I have been trying to find a efficient Linear Container Data Structure which can support:
1. Fast access to any index
2. Fast insert after any index
For example:
Initial structure:
Index: 0 1 2 3 4 5
Data: 7 19 1 3 12 2
Accessing index 4 gives 12
Accessing index 5 gives 2
After I insert 5 after index 2:
Index: 0 1 2 3 4 5 6
Data: 7 19 1 5 3 12 2
Accessing index 4 now gives 3
Accessing index 5 gives 12
Vectors:
Vectors perform well for operation 1 (Access index i).
Linked lists:
Linked lists can perform well for operation 2 (Insert after index i) if we have a pointer to the node at index i.
Balanced binary trees:
- We can assign indices to every value inserted
- If the index is a b-bit number, the first value inserted gets index 2**(b-1)-1
- Every new value inserted is assigned an index that is an average of indices of previous and next elements.

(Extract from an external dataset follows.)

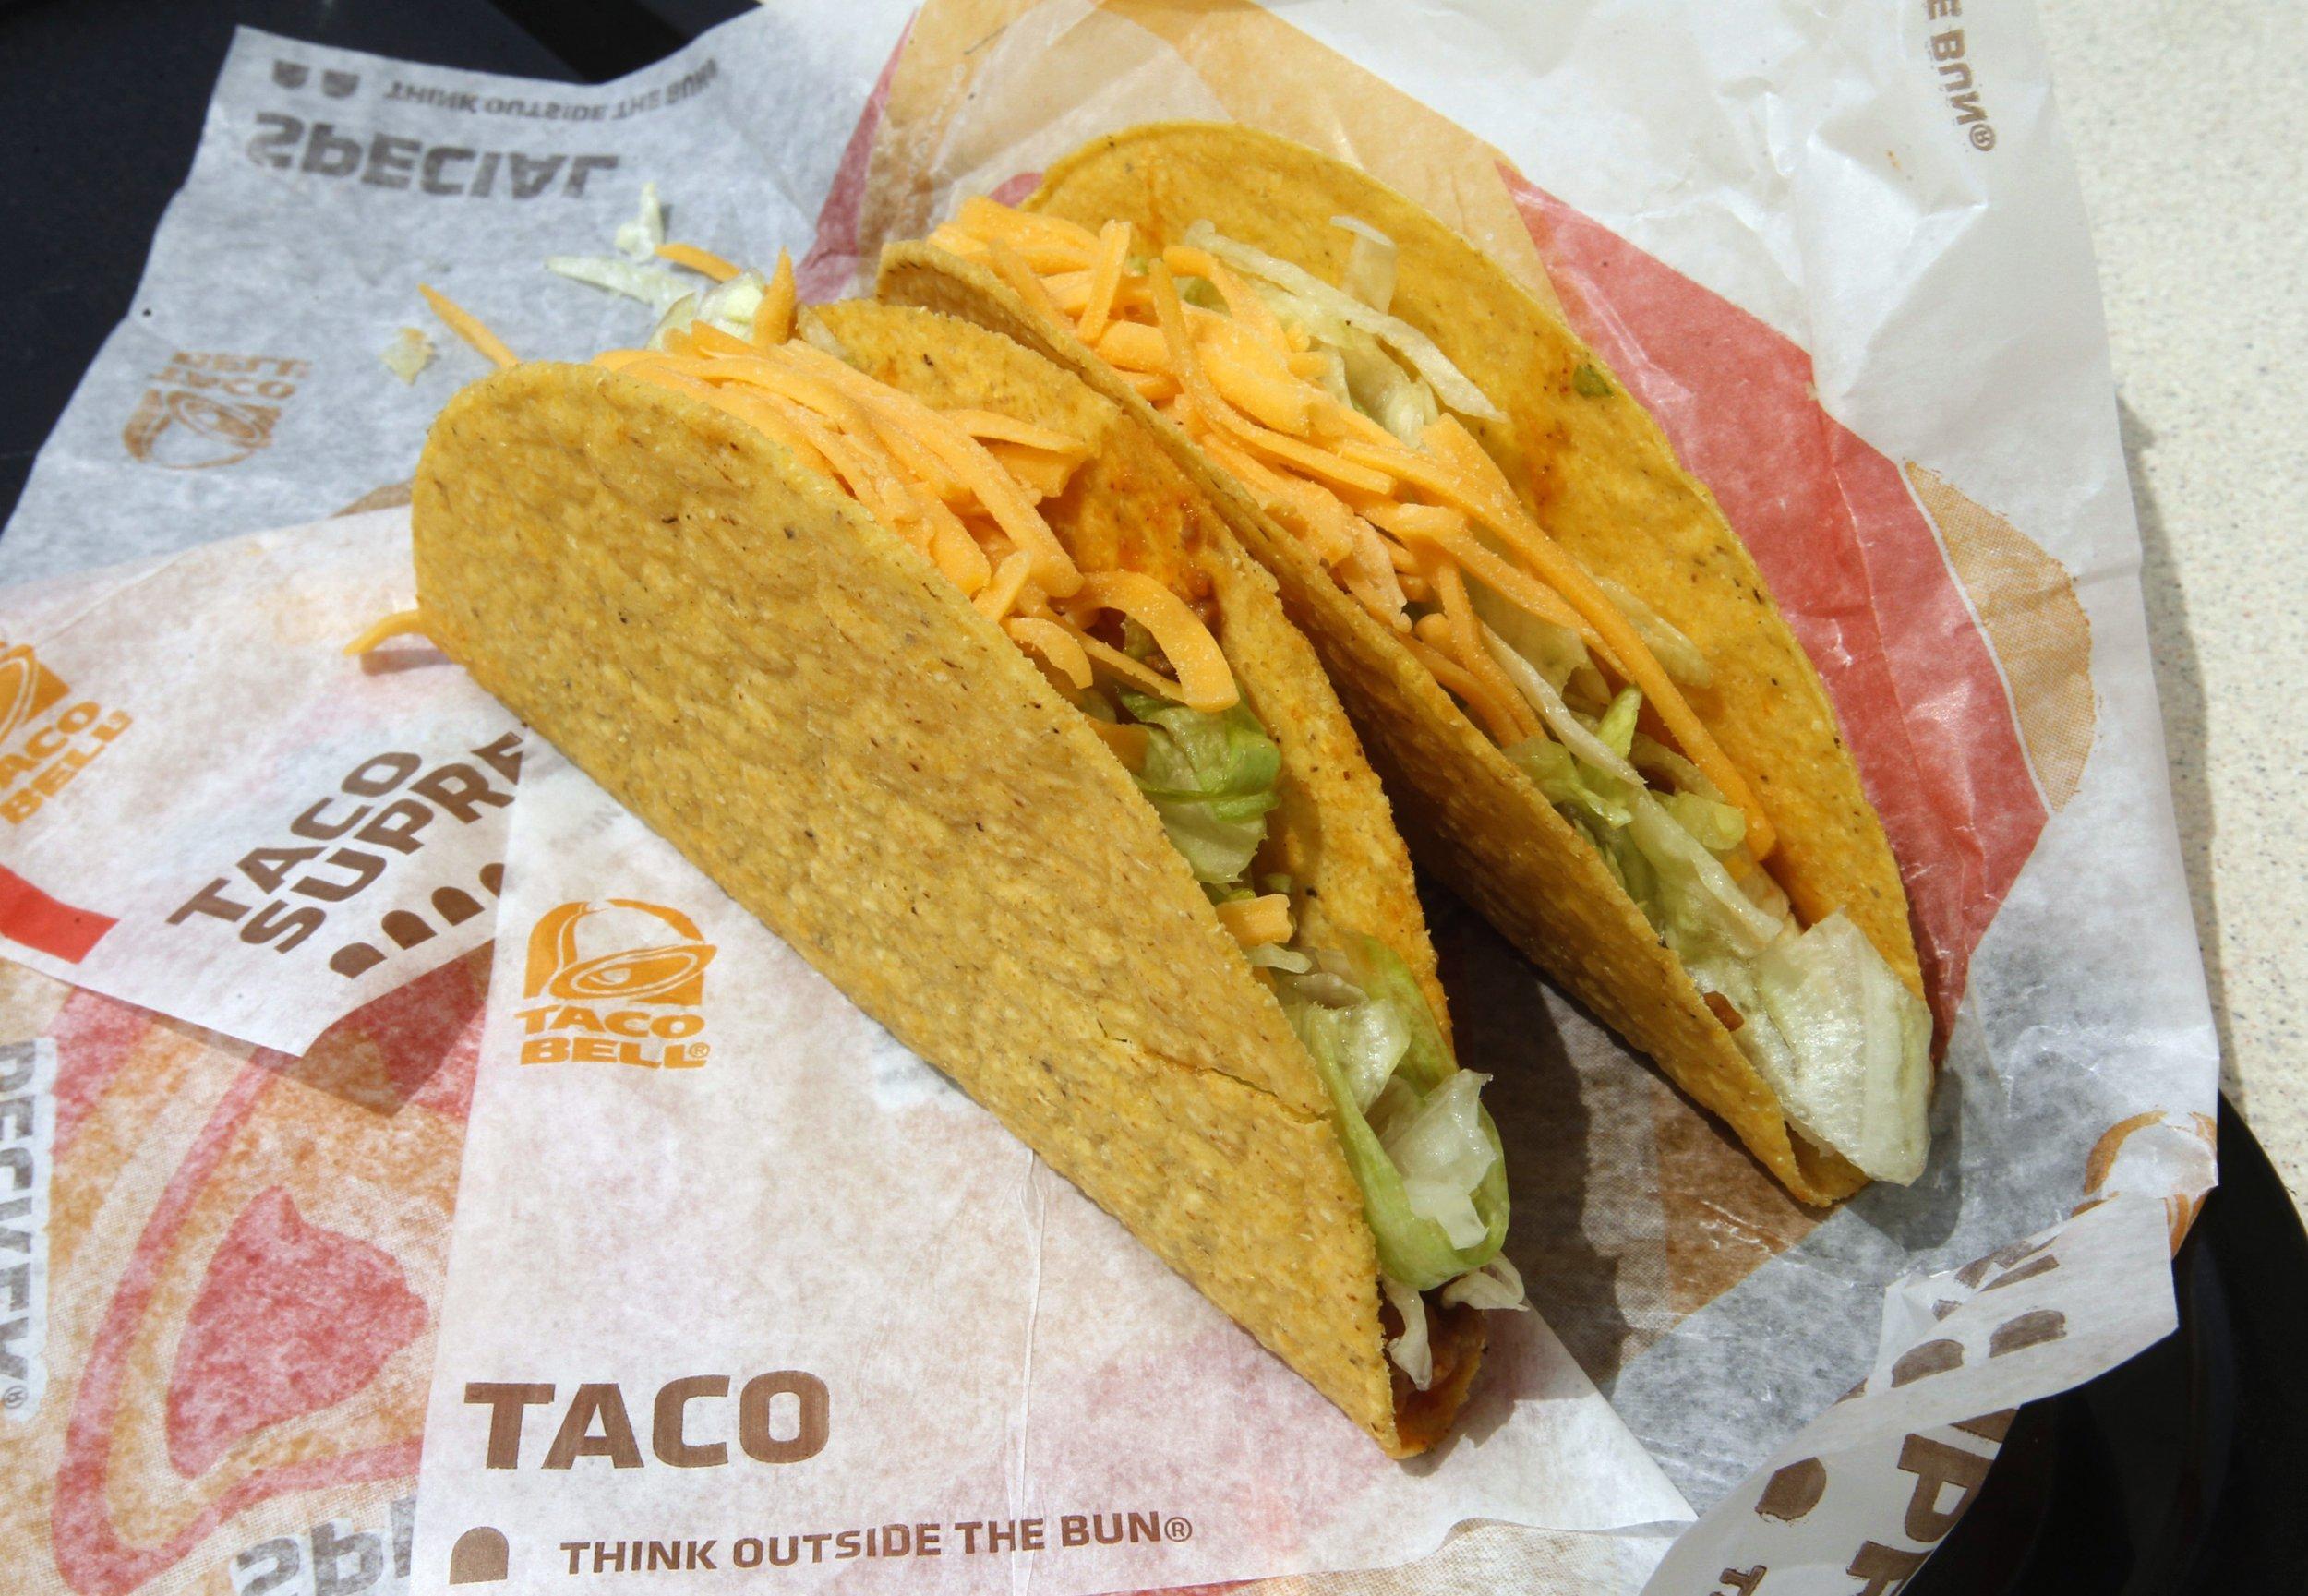 taco bell menu calories pdf

- In this scheme, we can quickly reach a point where two values have neighboring indices. (Worst case O(b) operations.)
Does anyone have a better solution to handle these operations?

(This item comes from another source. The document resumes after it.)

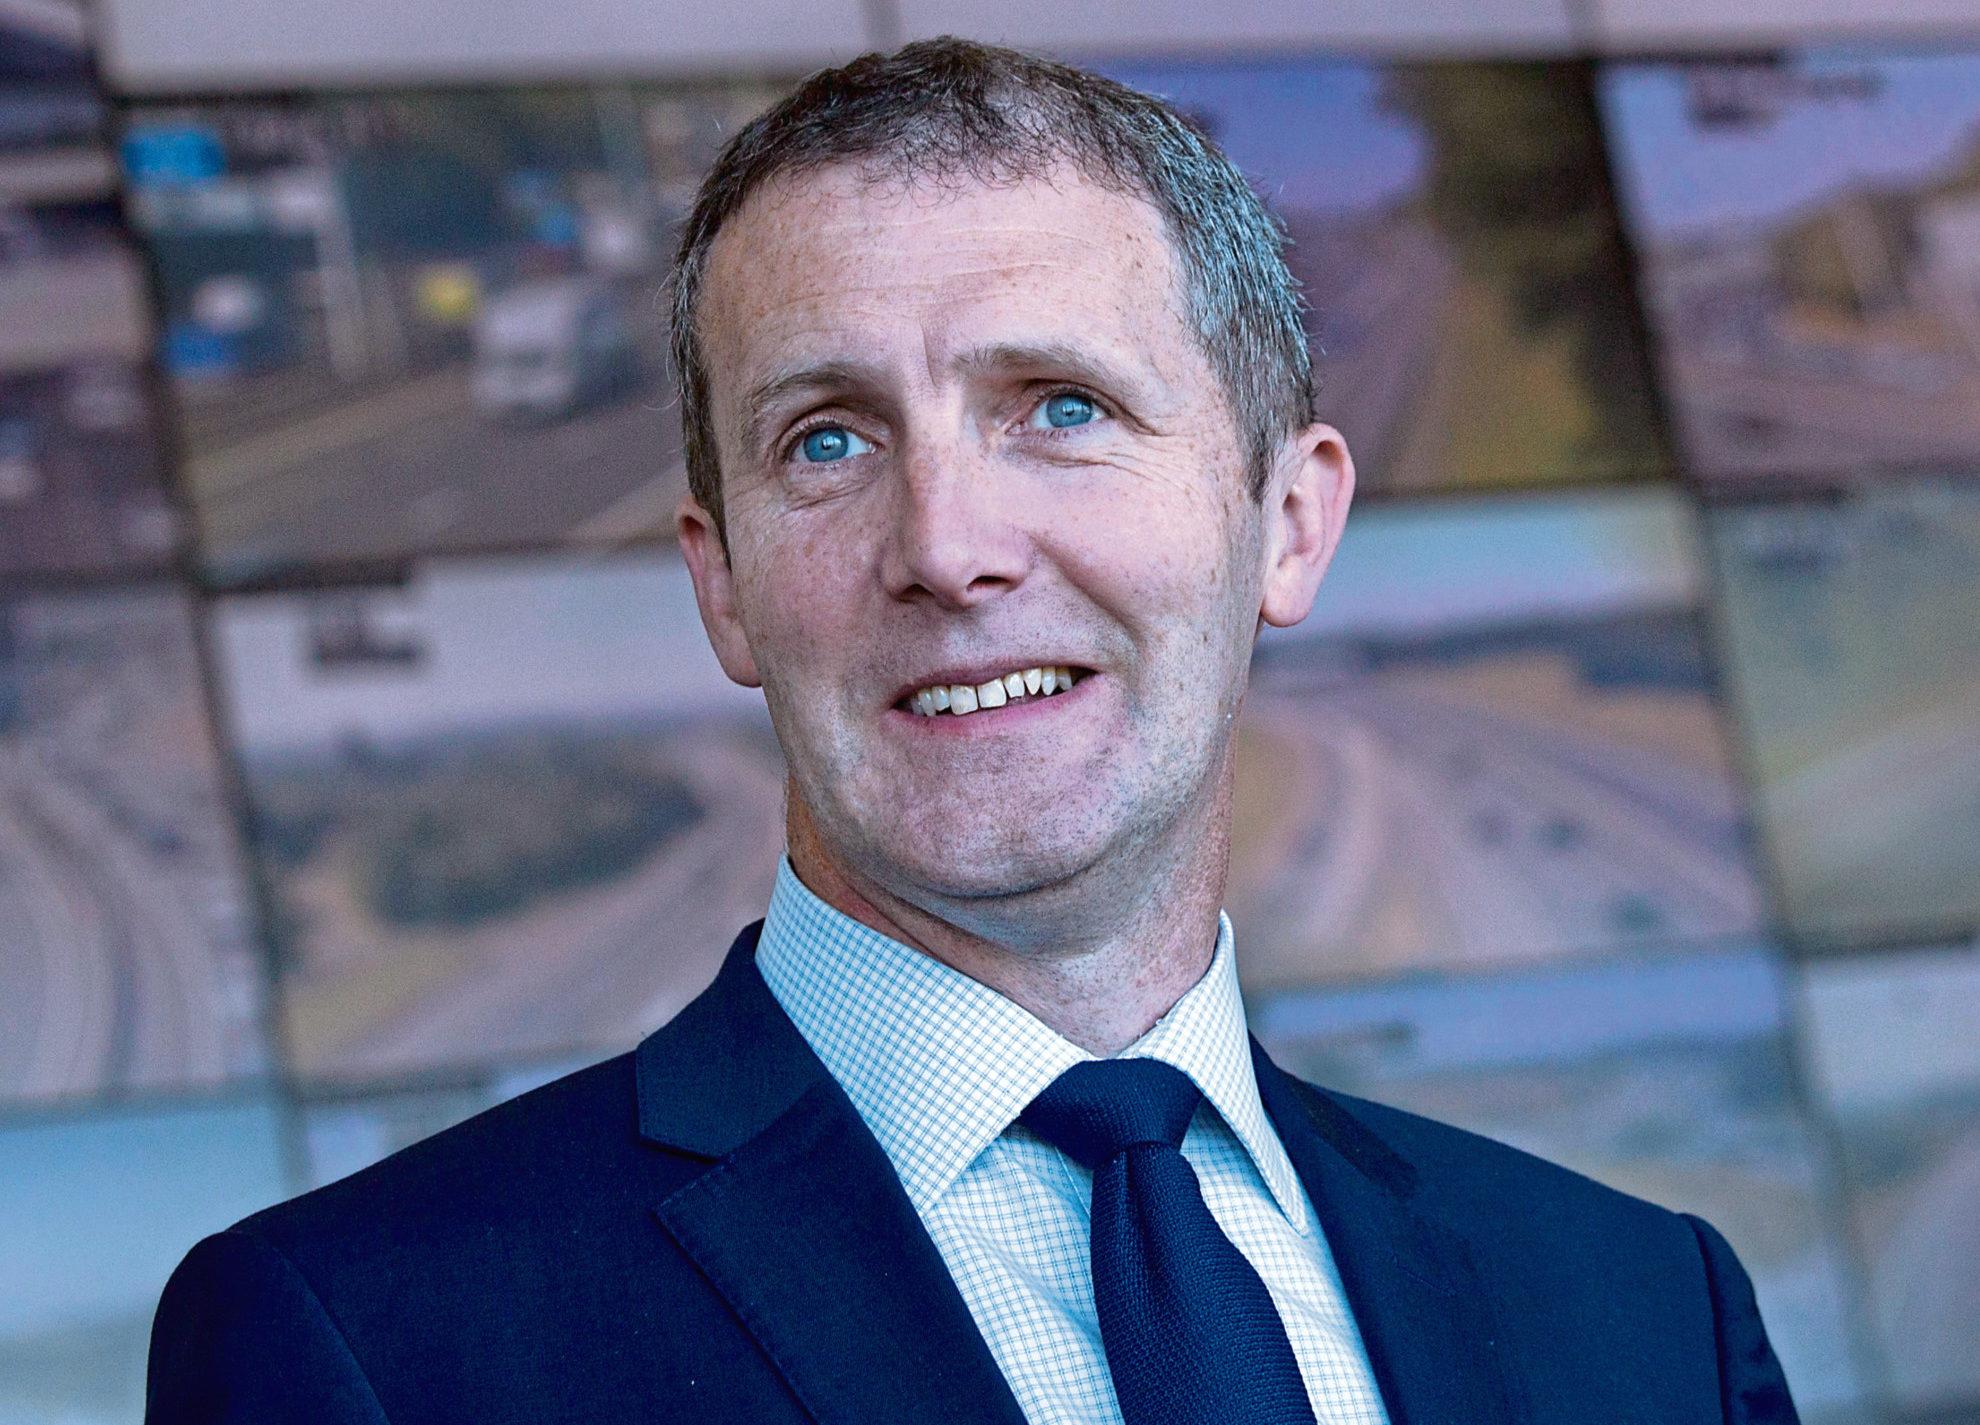 Transport Secretary Michael Matheson

You can also share any known bounds on these operations (supported together) that you are aware of.
Auto comment: topic has been updated by NiKS001 (previous revision, new revision, compare).
Auto comment: topic has been updated by NiKS001 (previous revision, new revision, compare).
Hello! I'm not really sure if this is exactly what you're looking for, but there's a technique called "Square Root Decompostion" that works really well for these kind of problems! Let's create a vector of linked lists! In position i (counting from 1) of your vector, you'd have a linked list that contained the elements [(i — 1) * sqrt(n), i * sqrt(n) ). In other words, you'd have sqrt(N) positions, each containing sqrt(N) elements and end up with something like this:
V[1] = {0, 1, 2} V[2] = {3, 4, 5} V[3] = {6, 7, 8}.
Once you get this, it's easy to see the following: To find an element, you would only see in which position of the vector it's stored, and follow the linked list until you get to the desired element, taking O(1) for the first lookup and O(sqrt(N)) for the second one, and similarly, to insert an element, take the index, and just add it to the linked list (same time complexity). The problem with this second type of query is that a single list can eventually grow to be more than O(sqrt(N)), so every once in a while, recalculate the vector of linked lists. What's cool about this is that it usually works every time you have two types of queries that work linearly by themselves, but get ruined when combined. Just decompose your list into pieces of sqrt(N) size... Better than this, I can only think of a Self Balancing Binary Search Tree (such as a Treap), but I don't know of anything at most O(n).
Hi joseacaz,
Thanks for the suggestion. I did, indeed, try a similar train of thought. I tried to divide the sequence first into n**(1/k). Each section of the sub-level into (current-block-size)**(1/(k-1)). Each section of the new sub-level into (current-block-size)**(1/(k-2)) ... so on until (current-block-size)**(1/2). If only I could figure out the resizing of each component. The optimal result would then have been log(n) for lookup by choosing k as log(n). (My hunch is that insert would also be log(n) if only the resizing part was handled — could we employ something like table doubling?). The idea here leaves a lot of questions open.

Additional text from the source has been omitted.